CSS: Combining Self-training and Self-supervised Learning for Few-shot Dialogue State Tracking
Haoning Zhang | Junwei Bao | Haipeng Sun | Huaishao Luo | Wenye Li | Shuguang Cui
Proceedings of the 2nd Conference of the Asia-Pacific Chapter of the Association for Computational Linguistics and the 12th International Joint Conference on Natural Language Processing (Volume 2: Short Papers)

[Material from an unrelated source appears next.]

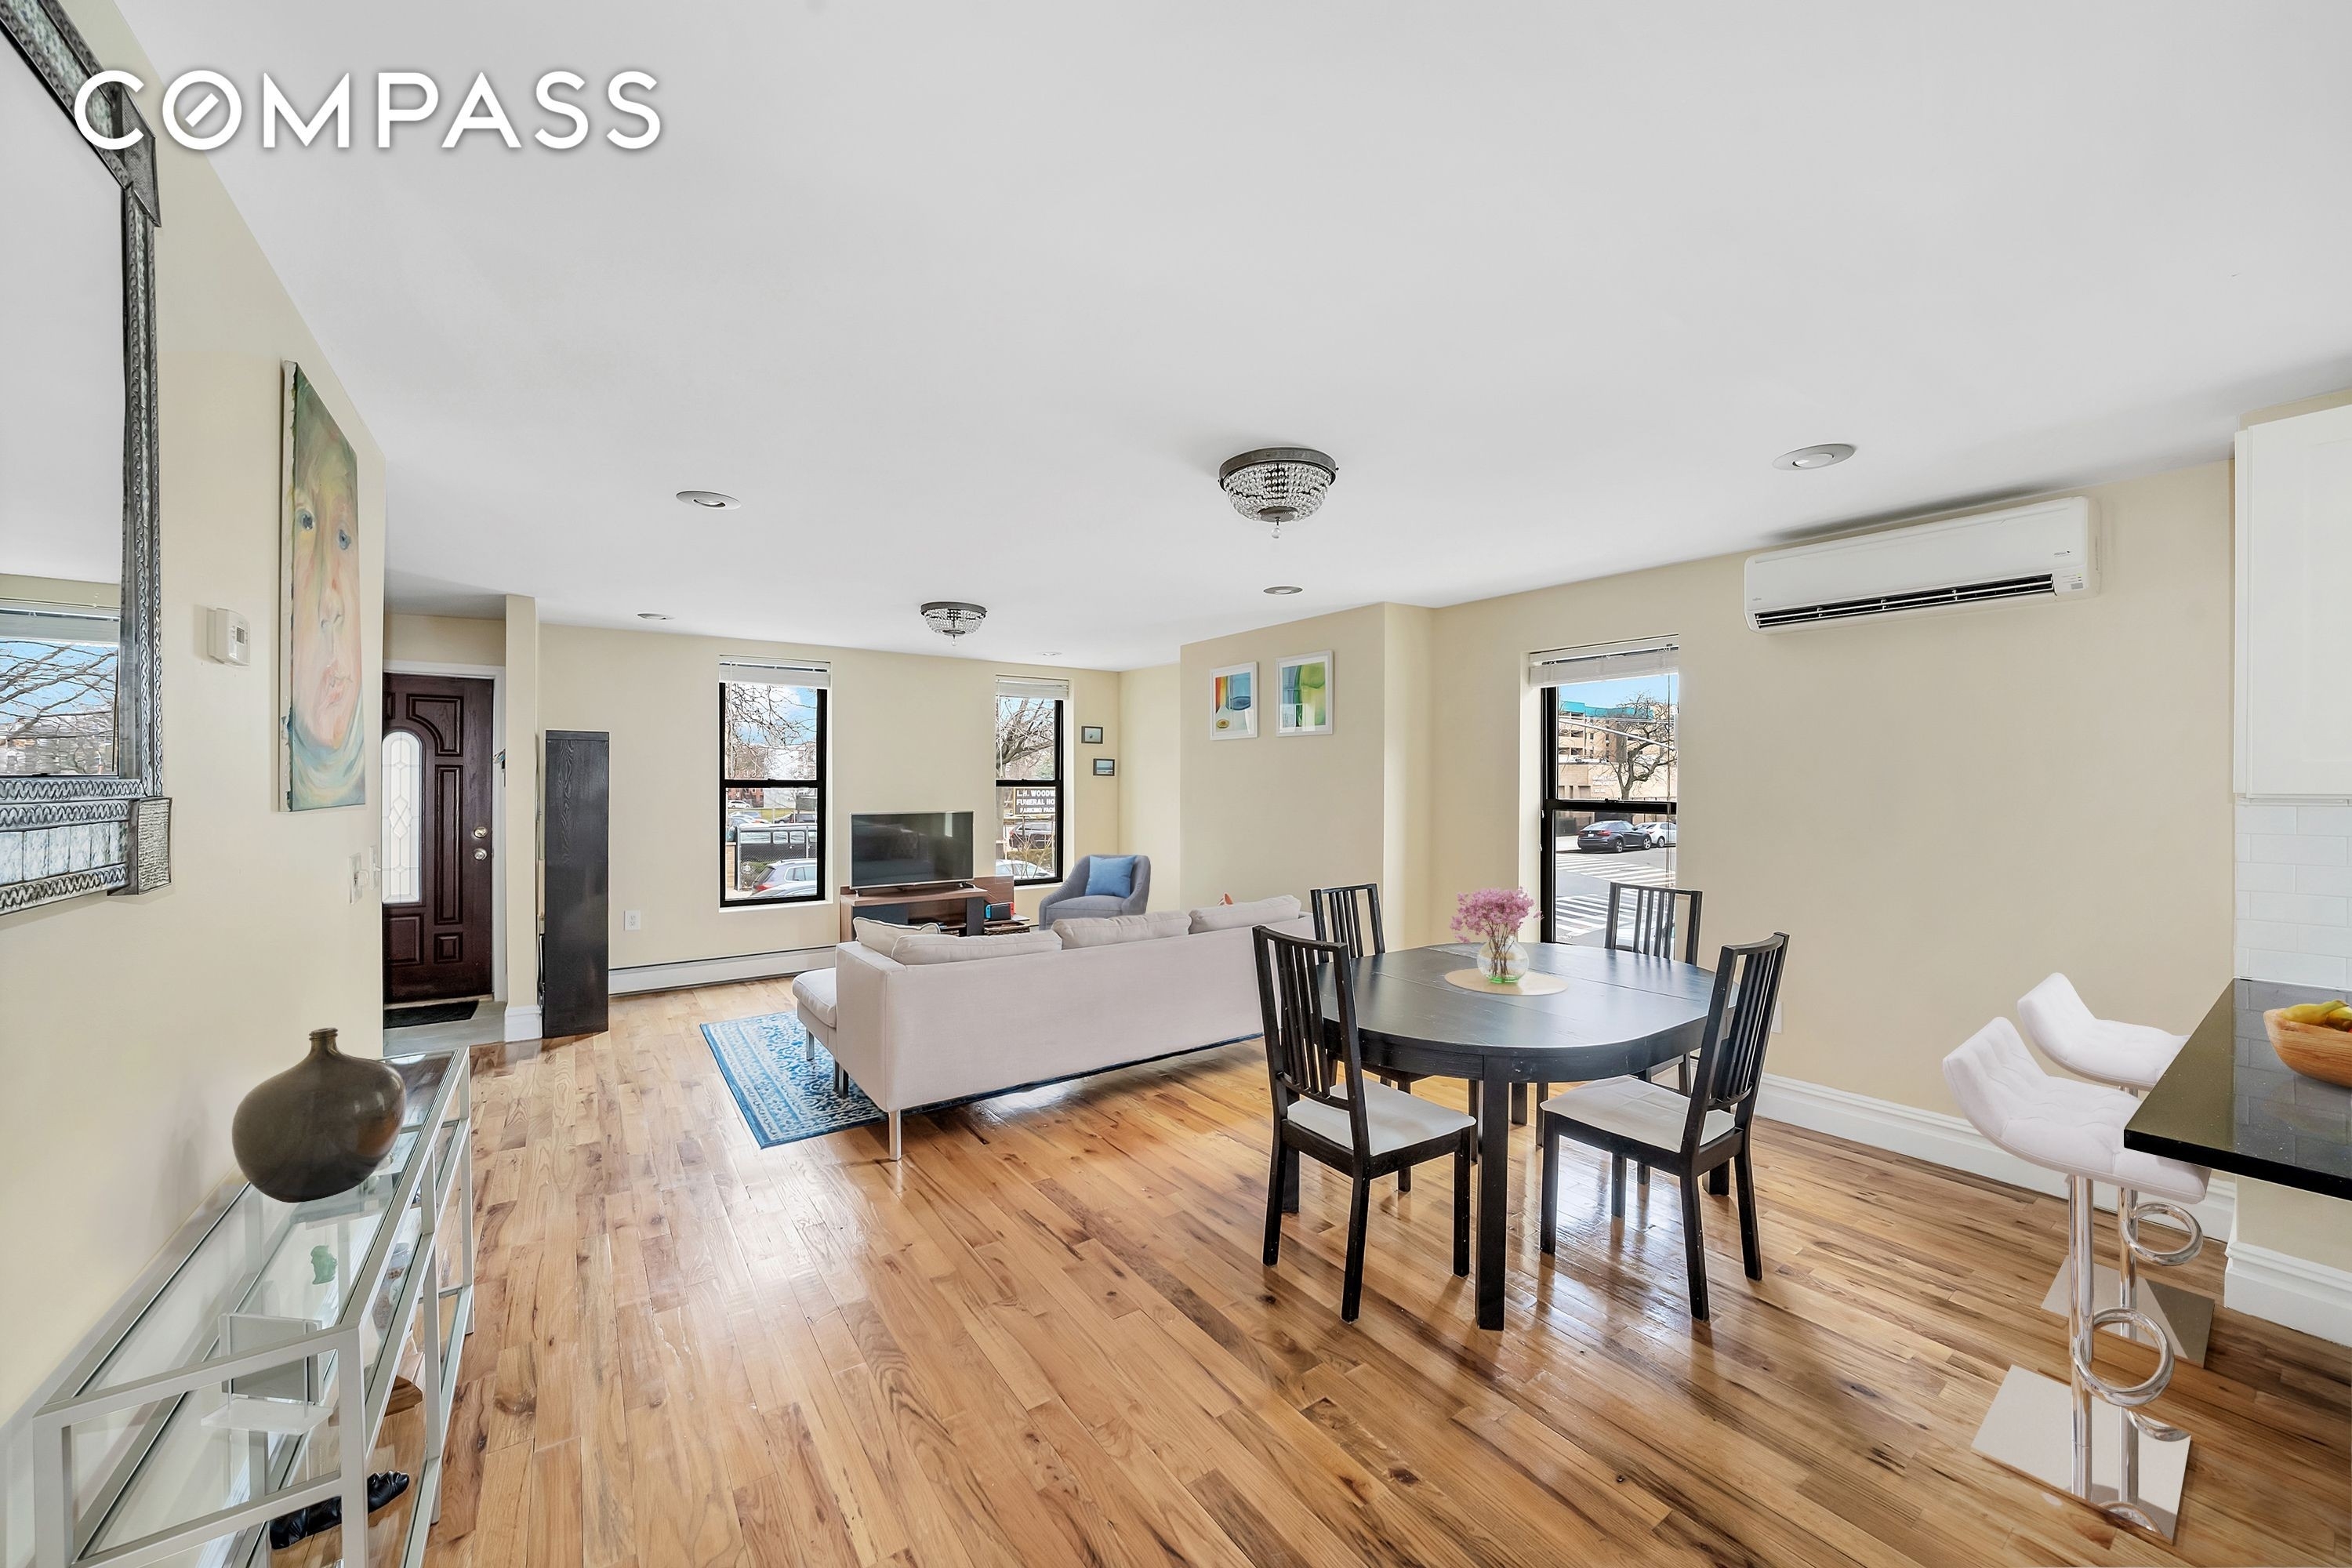 3. Single Family Townhouse for Sale at 532 HERKIMER ST, TOWNHOUSE Bedford Stuyvesant, Brooklyn, NY 11213

Few-shot dialogue state tracking (DST) is a realistic problem that trains the DST model with limited labeled data. Existing few-shot methods mainly transfer knowledge learned from external labeled dialogue data (e.g., from question answering, dialogue summarization, machine reading comprehension tasks, etc.) into DST, whereas collecting a large amount of external labeled data is laborious, and the external data may not effectively contribute to the DST-specific task. In this paper, we propose a few-shot DST framework called CSS, which Combines Self-training and Self-supervised learning methods. The unlabeled data of the DST task is incorporated into the self-training iterations, where the pseudo labels are predicted by a DST model trained on limited labeled data in advance. Besides, a contrastive self-supervised method is used to learn better representations, where the data is augmented by the dropout operation to train the model. Experimental results on the MultiWOZ dataset show that our proposed CSS achieves competitive performance in several few-shot scenarios.